=== The problem ===
Please reproduce the lines from the one containing "长城汽车产品数字化中心数字化执行官 李鹏" through the end of the data below exactly as they stand, and omit all pictures.

───── Data block ─────

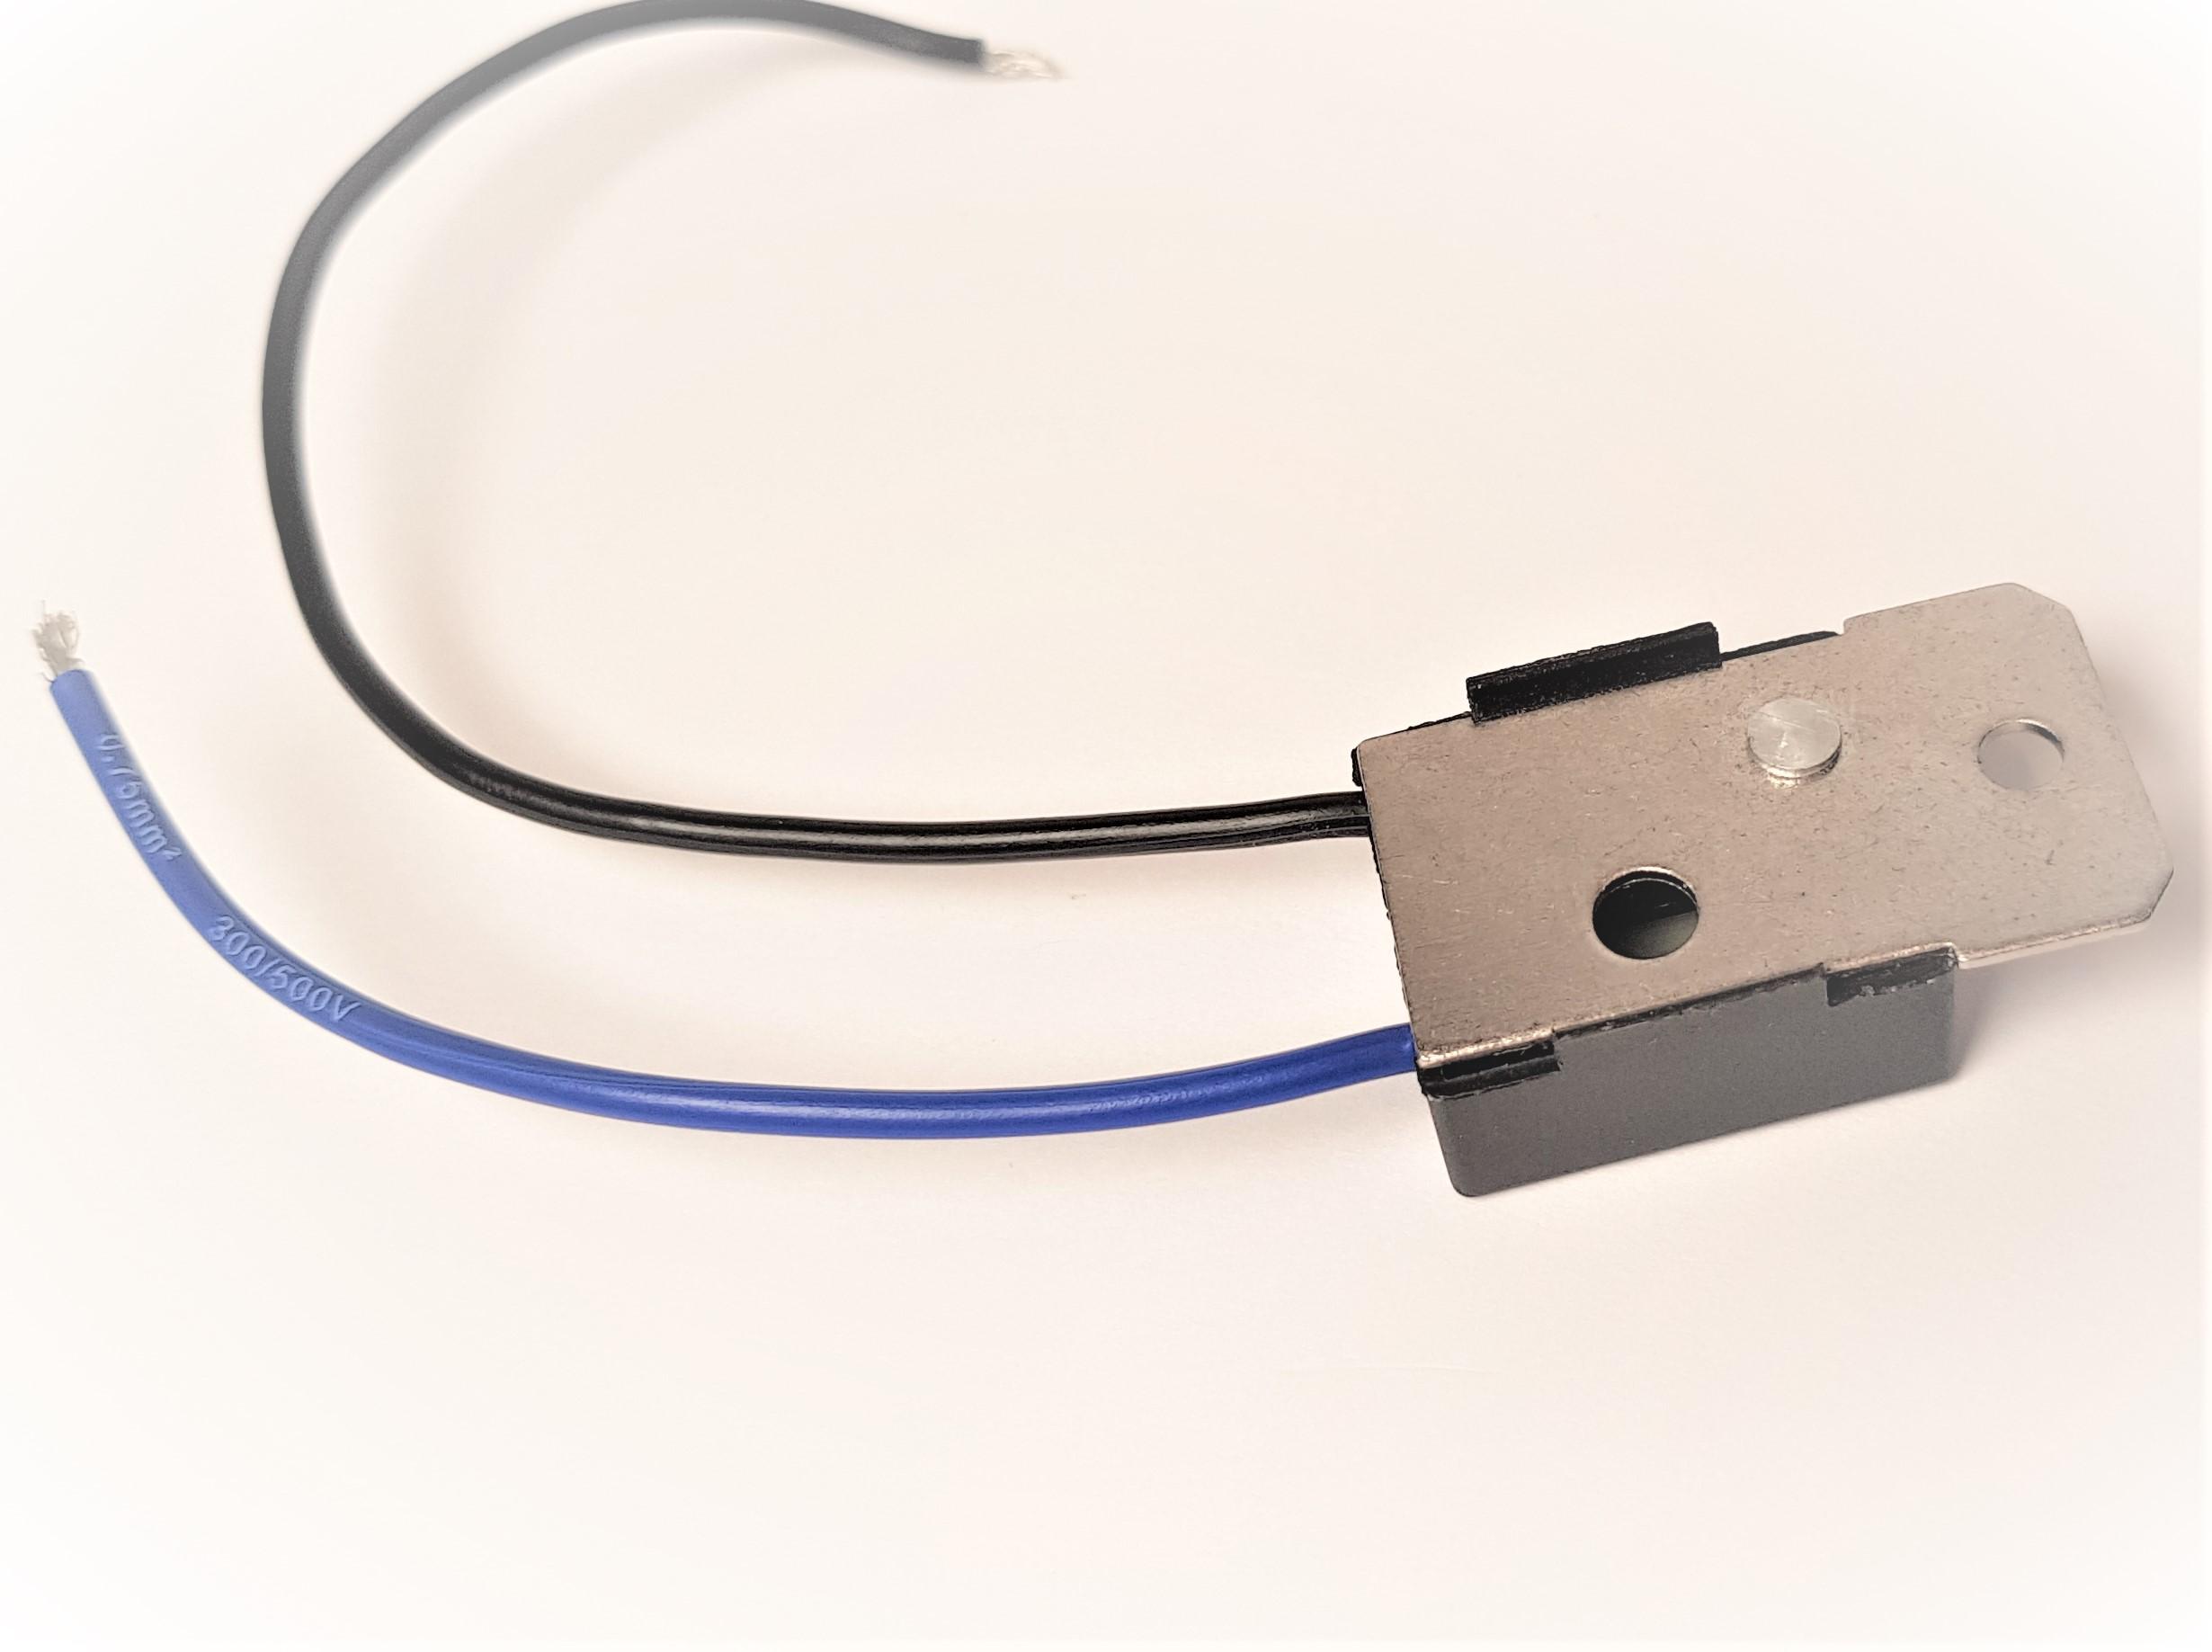 20A Sanftanlauf für Elektrowerkzeuge zb. Tischkreissägen 230V
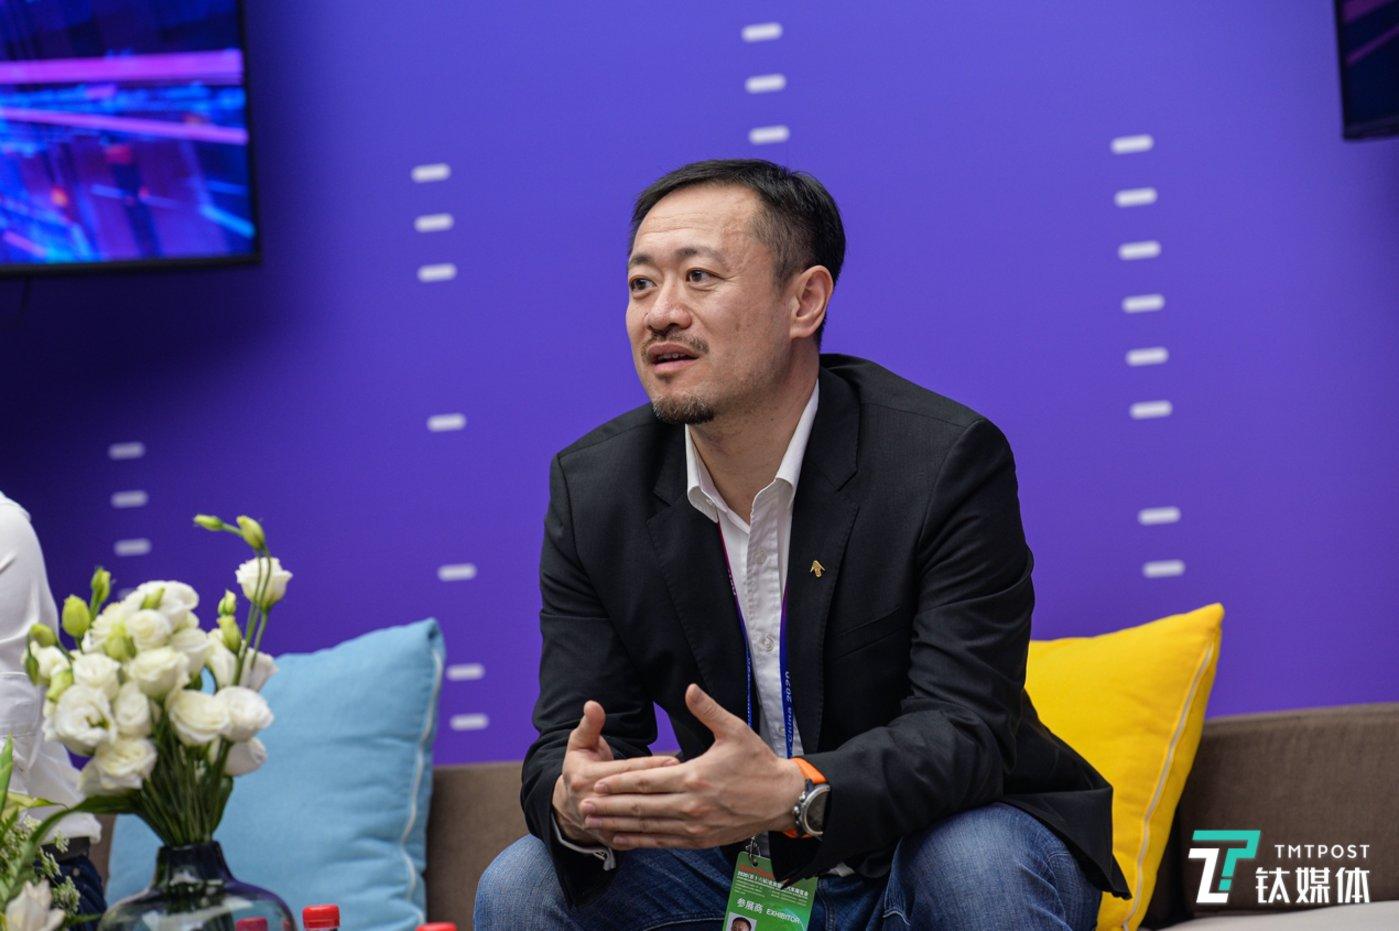 长城汽车产品数字化中心数字化执行官 李鹏
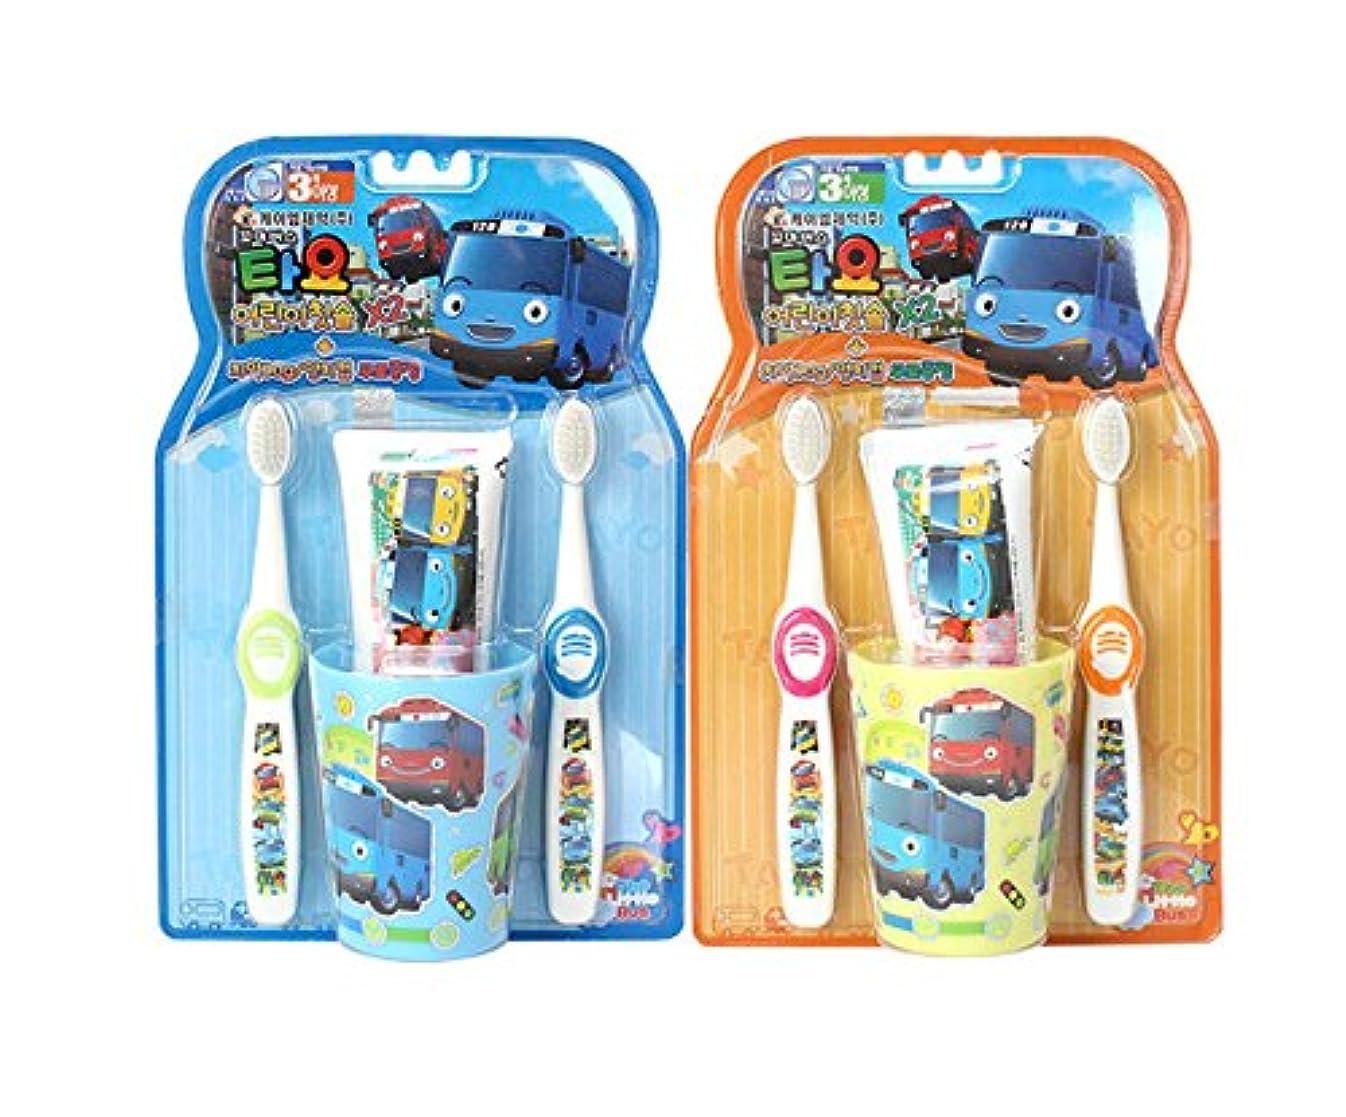 衣装通行人発音する[SET] Tayo The Little Bus ちびっこバス タヨ 子ども用ハブラシ 乳歯?オーラルケア 歯磨き粉 歯ブラシ 歯カップ セット 歯磨きセット子供の歯ブラシ (2 SET) [並行輸入品]
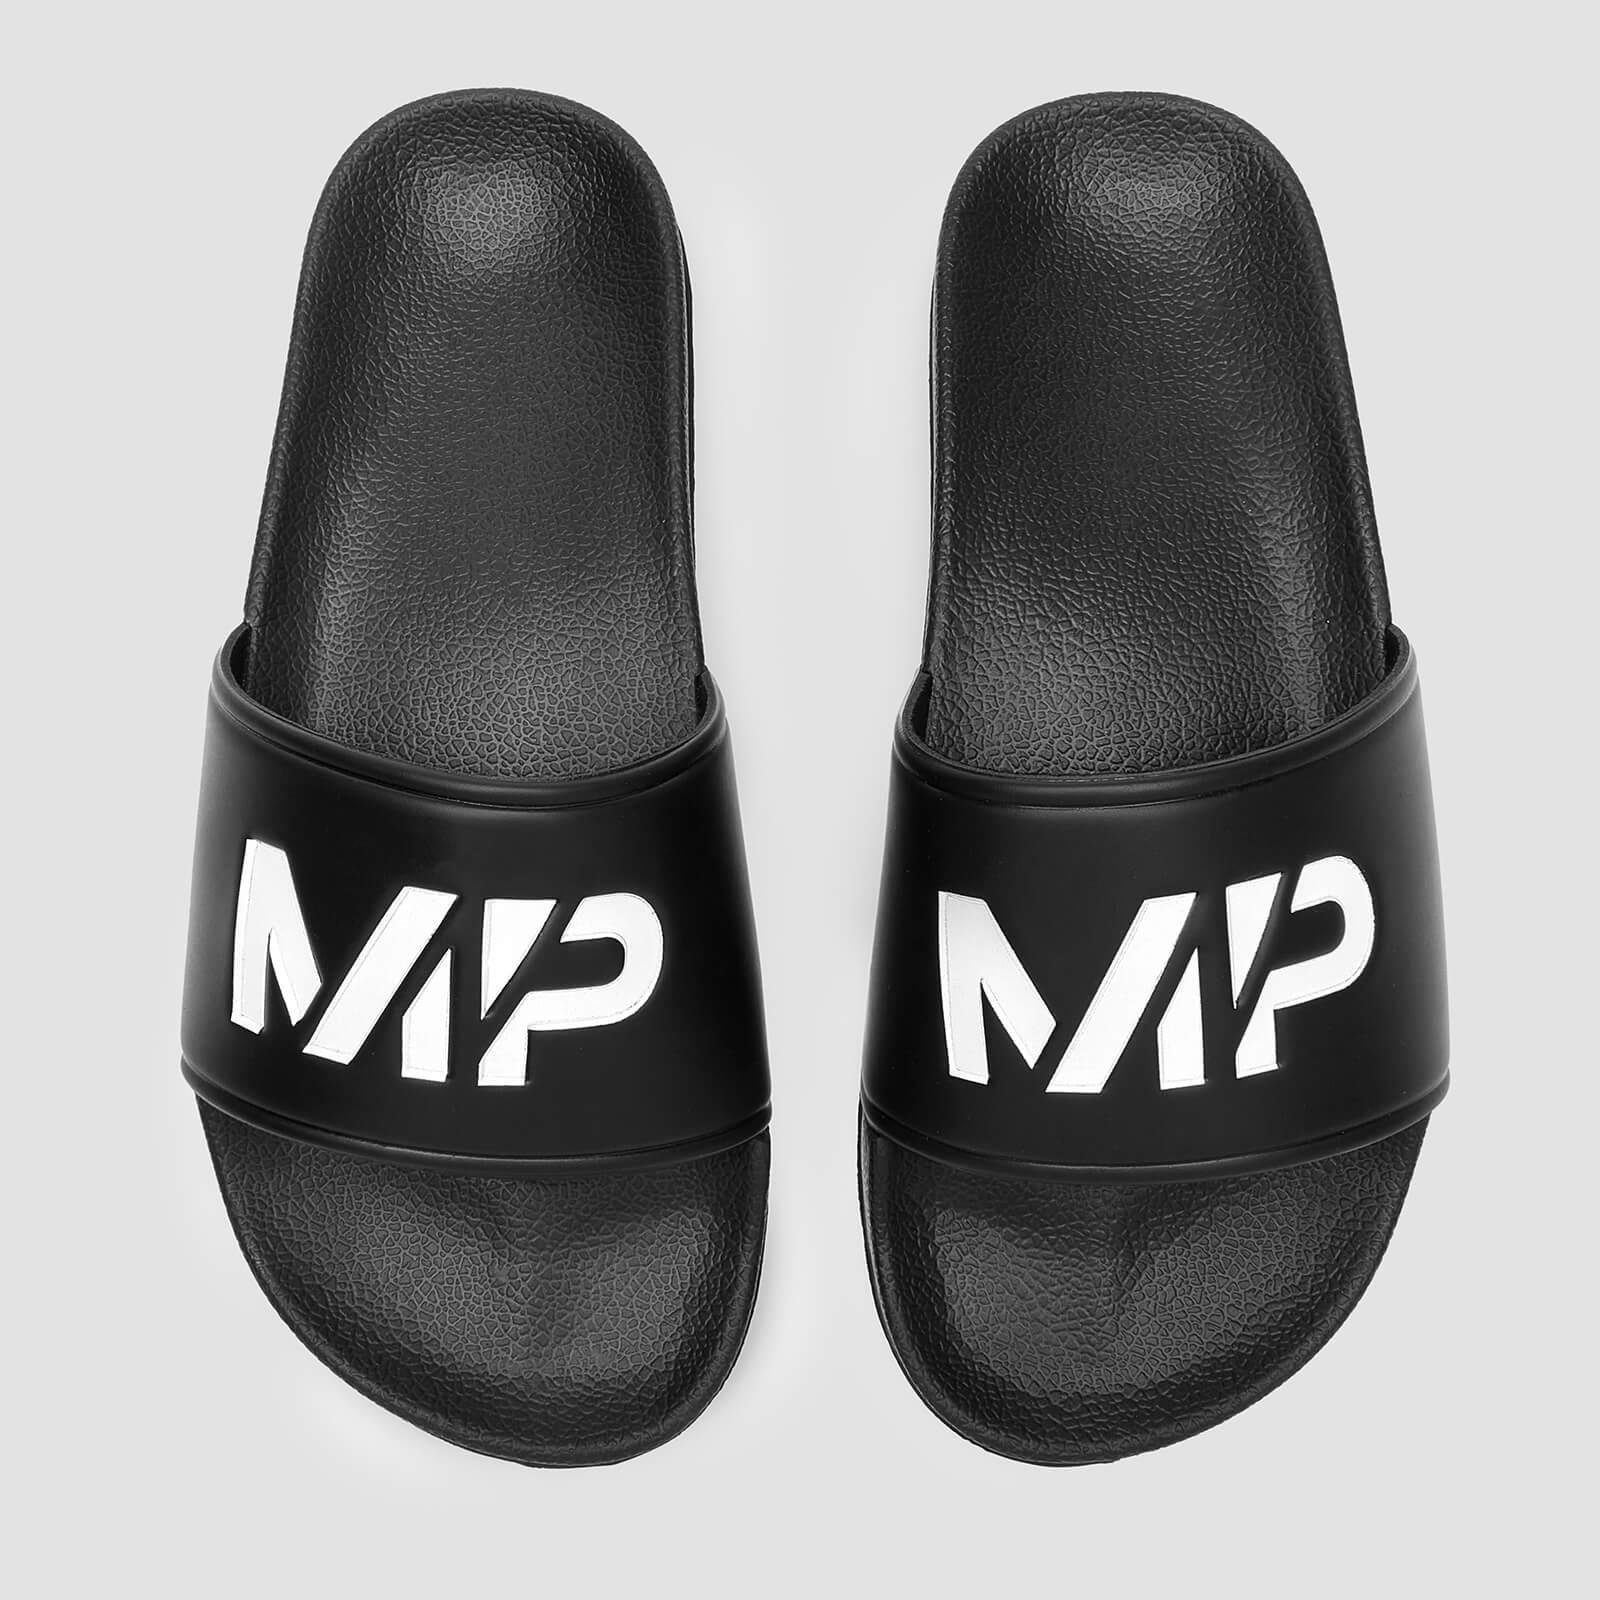 MP Men's Sliders - Black/White - UK 7

─────

=== Written answer ===
 长城汽车产品数字化中心数字化执行官 李鹏
 衣装通行人発音する[SET] Tayo The Little Bus ちびっこバス タヨ 子ども用ハブラシ 乳歯?オーラルケア 歯磨き粉 歯ブラシ 歯カップ セット 歯磨きセット子供の歯ブラシ (2 SET) [並行輸入品]
 MP Men's Sliders - Black/White - UK 7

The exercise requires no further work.